Given a list of tasks and cooldown n, return the minimum time to finish all tasks where the same task can't run within n steps of itself. Amazon asks this to test whether you reach for the greedy 'fill slots from most-frequent task' formula.

By Alex Chen, Founder, InterviewChamp.AI · Last verified

Source citations

Public interview reports confirming this problem appears in Amazon loops.

  • Glassdoor (2026-Q1)Amazon SDE I/II onsite reports cite this as the scheduling / greedy round.
  • Blind (2025-11)Recurring Amazon interview problem.

Problem

Given a characters array tasks, representing the tasks a CPU needs to do, where each letter represents a different task.
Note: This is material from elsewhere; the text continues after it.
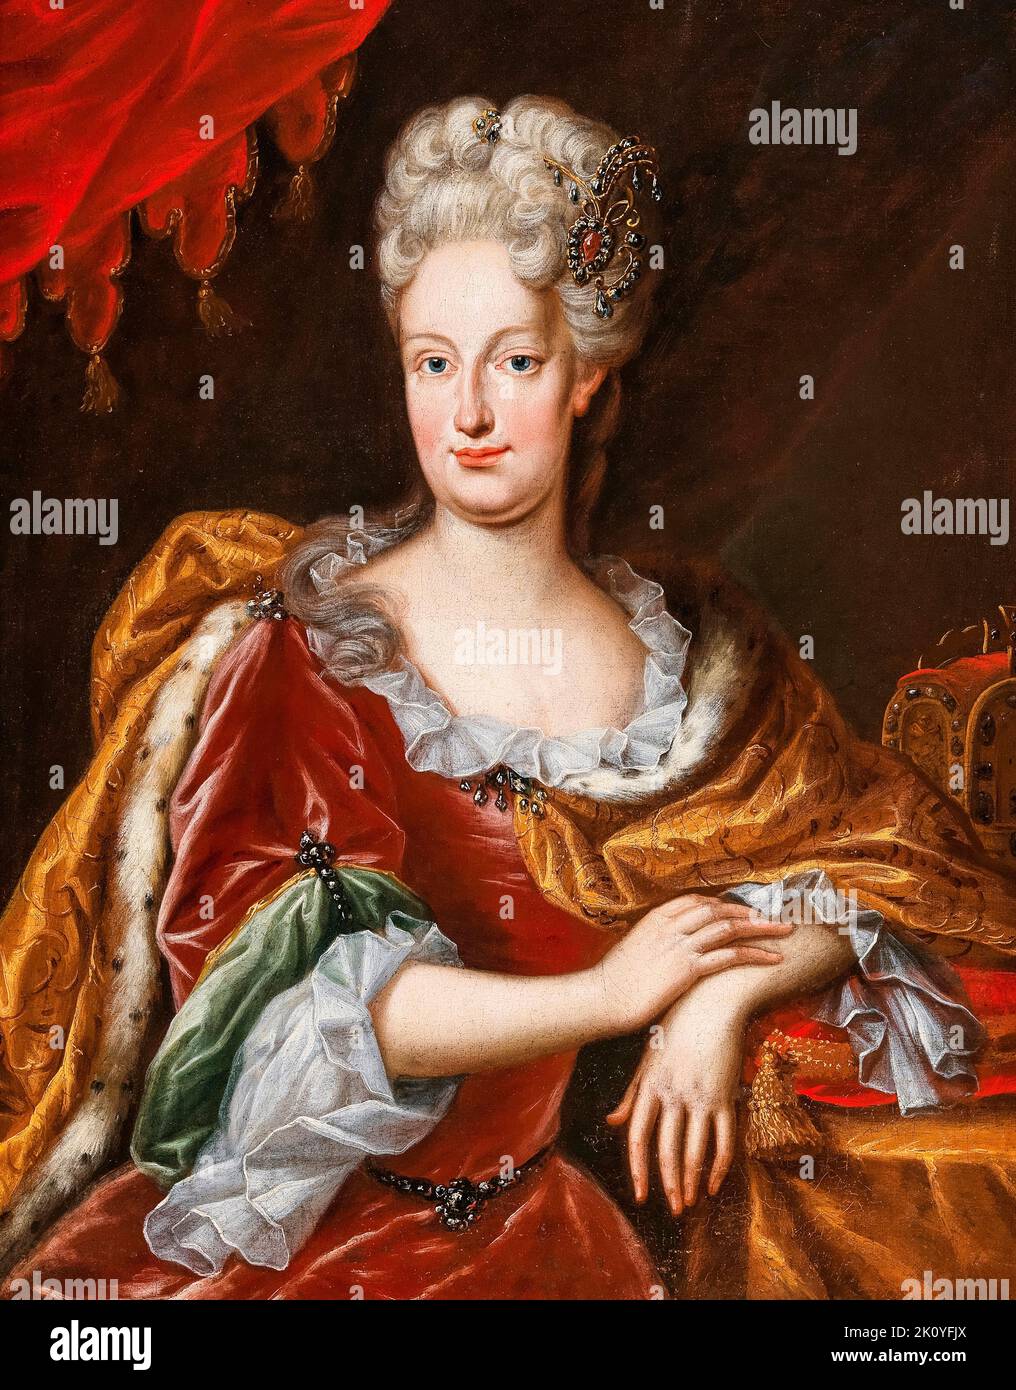 Portrait de l'impératrice Elisabeth Christine de Brunswick-Wolfenbüttel (1691-1750), peinture à l'huile sur toile par Frans van Stampart, 1708-1715 Banque D'Images

Tasks could be done in any order. Each task is done in one unit of time. For each unit of time, the CPU could complete either one task or just be idle. However, there is a non-negative integer n that represents the cooldown period between two same tasks (the same letter in the array). Return the least number of units of times that the CPU will take to finish all the given tasks.

Constraints

  • 1 <= task.length <= 10^4
  • tasks[i] is uppercase English letter.
  • 0 <= n <= 100

Examples

Example 1

Input
tasks = ["A","A","A","B","B","B"], n = 2
Output
8

Explanation: A -> B -> idle -> A -> B -> idle -> A -> B

Example 2

Input
tasks = ["A","A","A","B","B","B"], n = 0
Output
6

Approaches

1. Greedy formula (optimal)

Count tasks. Find the max count M. There are (n + 1) * (M - 1) + (# tasks with count == M) frames. Answer is max(this, len(tasks)).

Time
O(n)
Space
O(1)
function leastInterval(tasks, n) {
  const counts = new Array(26).fill(0);
  for (const t of tasks) counts[t.charCodeAt(0) - 65]++;
  let maxCount = 0;
  let tied = 0;
  for (const c of counts) {
    if (c > maxCount) { maxCount = c; tied = 1; }
    else if (c === maxCount) tied++;
  }
  const frame = (n + 1) * (maxCount - 1) + tied;
  return Math.max(frame, tasks.length);
}

Tradeoff: Constant-time formula. The most-frequent task fixes the lower bound; ties contribute one extra slot each. If tasks.length exceeds this frame, we don't need idles.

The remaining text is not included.